Let z = -8-6i      \therefore Re(z) = -8      |z| = \sqrt{(-8)^2+(-6)^2} = 10

Here Im(z) < 0 ,  therefore

\sqrt{-8-6i} = \pm \Bigg\{ \sqrt{\frac{10-8}{2}} - i \sqrt{\frac{10+8}{2}} \Bigg\} 

\Rightarrow \sqrt{-7 - 24 i} = \pm (  1-3i )

v)      We know

\sqrt{z} = \pm \Bigg\{ \sqrt{\frac{|z|+Re(z)}{2}} + i \sqrt{\frac{|z|-Re(z)}{2}} \Bigg\}, \ \text{if} \  Im(z) > 0 

\sqrt{z} = \pm \Bigg\{ \sqrt{\frac{|z|+Re(z)}{2}} - i \sqrt{\frac{|z|-Re(z)}{2}} \Bigg\}, \ \text{if} \  Im(z) < 0 

Let z = 8-15i      \therefore Re(z) = 8      |z| = \sqrt{(8)^2+(-15)^2} = 17

Here Im(z) < 0 ,  therefore

\sqrt{8-15i} = \pm \Bigg\{ \sqrt{\frac{17+8}{2}} - i \sqrt{\frac{17-8}{2}} \Bigg\} 

\Rightarrow \sqrt{8-15i} = \pm \frac{1}{\sqrt{2}} (  5-3i )

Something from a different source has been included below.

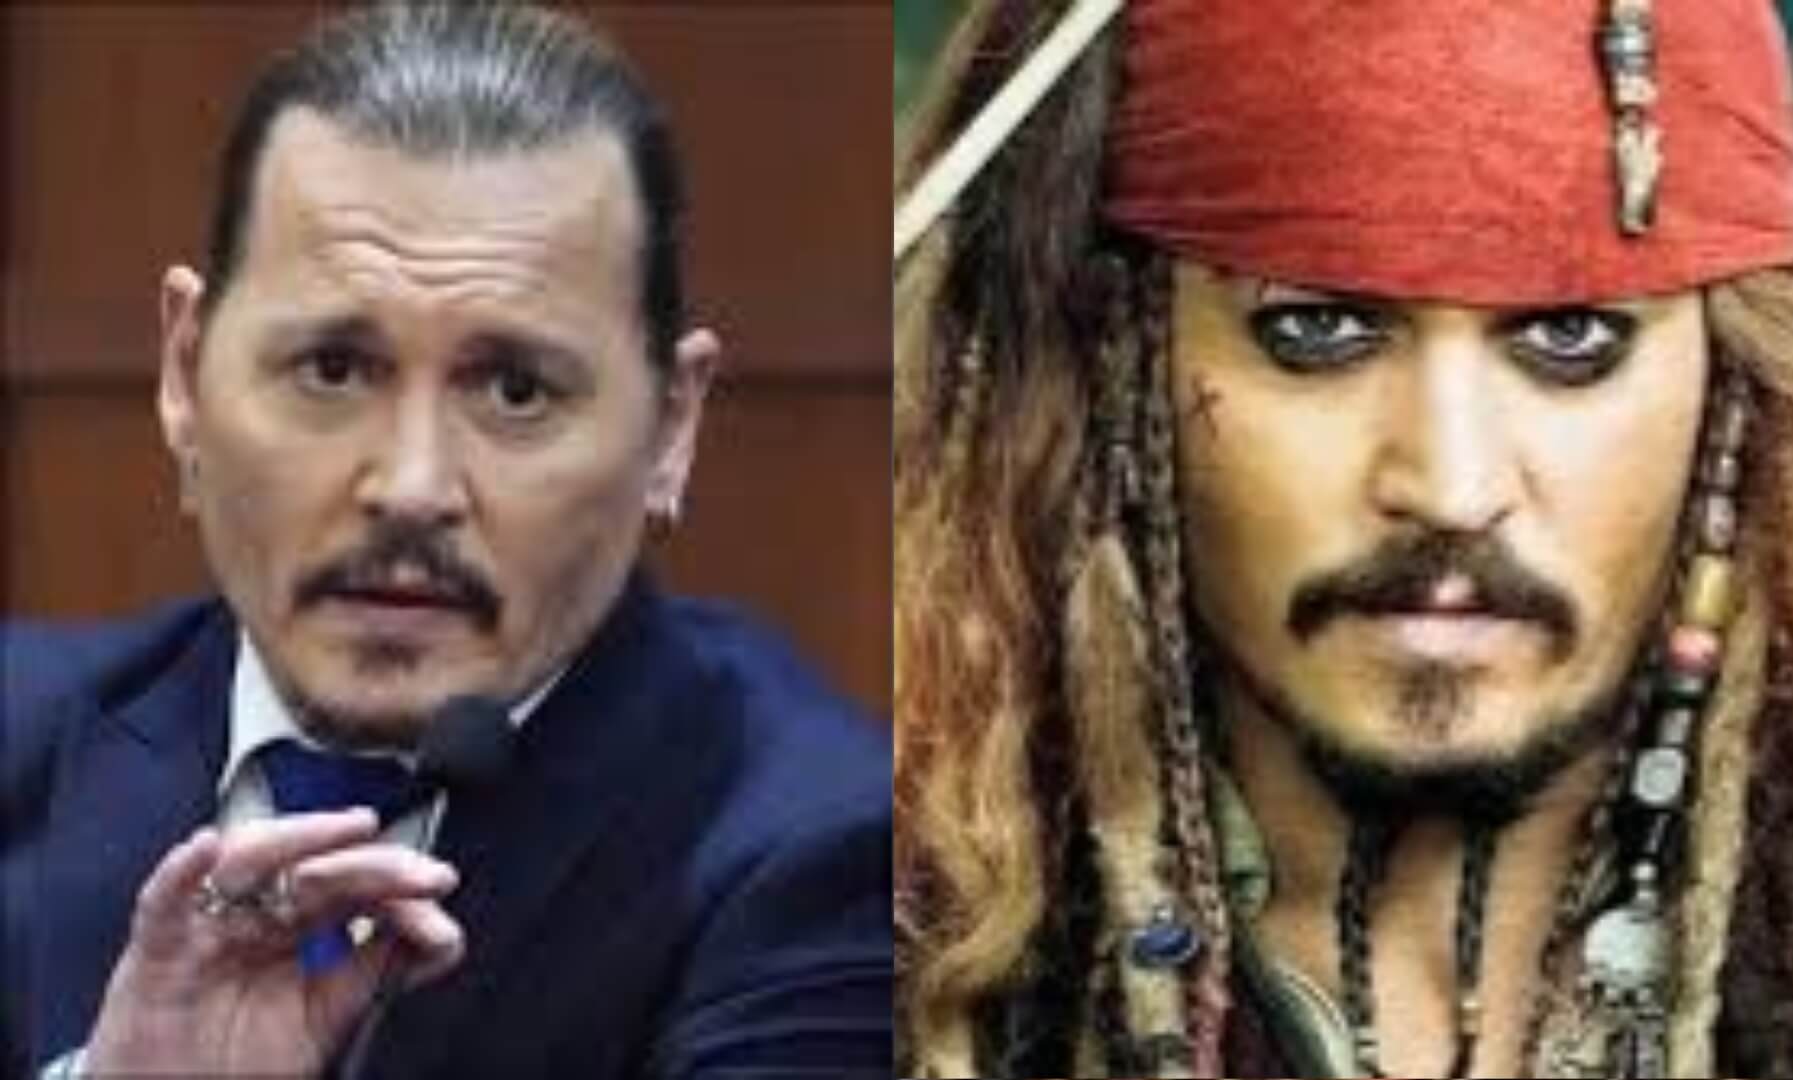 Johnny Depp, (Jack Sparrow in Pirates of the Caribbean) into Disney World. Is The Rs.535 crore offer real?

vi)     Let \sqrt{-11-60i} = x+iy

Squaring both sides

\Rightarrow -11-60i = ( x + iy)^2

\Rightarrow -11-60i = ( x^2 - y^2) + i ( 2xy)

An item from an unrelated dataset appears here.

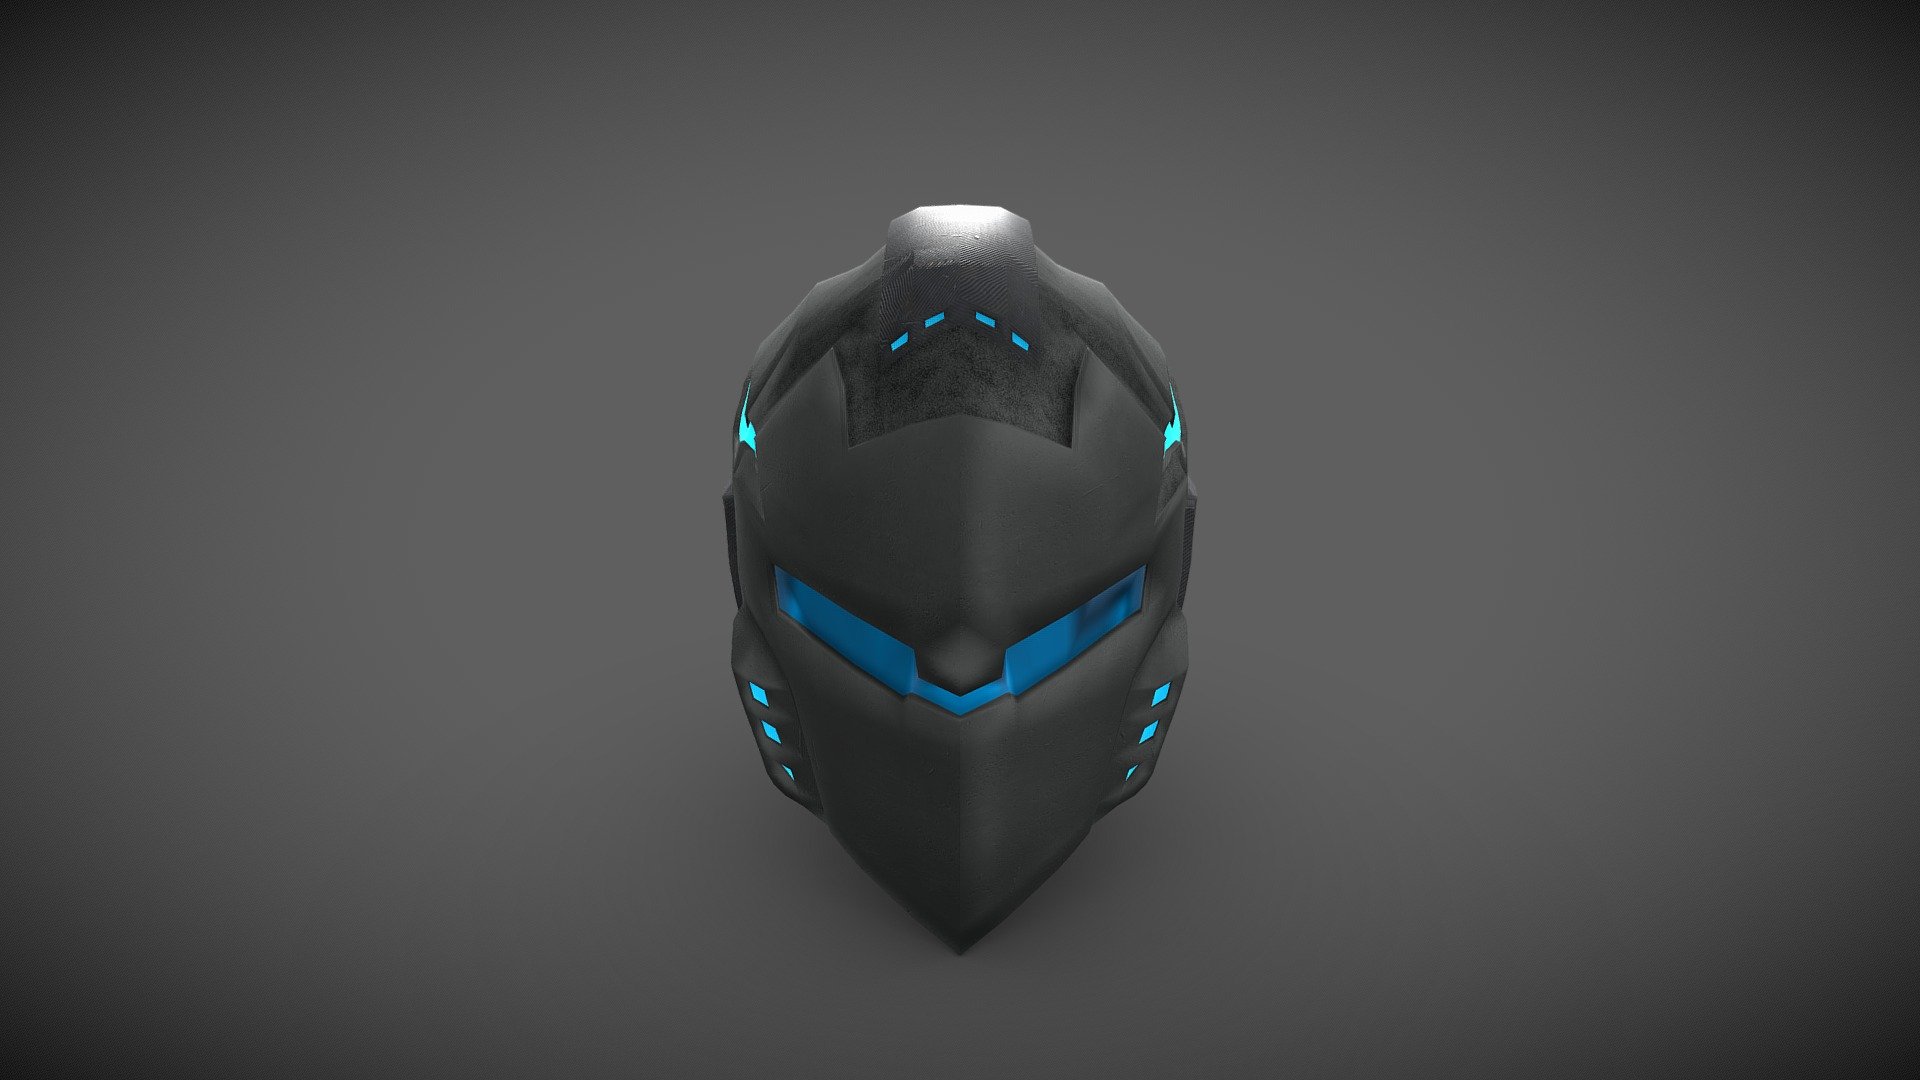 A helmet of my own design / creation, will later be used in a game i'm developing in the Unity Engine. &ldquo;StormForth: Tempest Strike

\Rightarrow x^2 - y^2 = -11     … … … … … i)

\Rightarrow 2xy = -60     … … … … … ii)

Now (x^2 + y^2)^2 = ( x^2 - y^2)^2 + 4 x^2 y^2

\Rightarrow (x^2 + y^2)^2 = ( - 11)^2 + (-60)^2

\Rightarrow (x^2 + y^2)^2 = 3121

\Rightarrow x^2 + y^2 = 61     … … … … … iii)  [ since x^2 + y^2 > 0 ]

Solving i) and iii)

2x^2 = 50 \Rightarrow x^2 = 25 \Rightarrow x = \pm 5

From i) y^2 = x^2 + 11  \Rightarrow y^2 = 25 + 11  \Rightarrow y = \pm 6

Since 2xy is negative, therefore x and y are of opposite signs.

\therefore \sqrt{-11-60i} = \pm ( 5-6i)

vii)    Let \sqrt{1 + 4\sqrt{3} i} = x+iy

Squaring both sides

\Rightarrow 1 + 4\sqrt{3} i = ( x + iy)^2

\Rightarrow 1 + 4\sqrt{3} i = ( x^2 - y^2) + i ( 2xy)

\Rightarrow x^2 - y^2 = 1     … … … … … i)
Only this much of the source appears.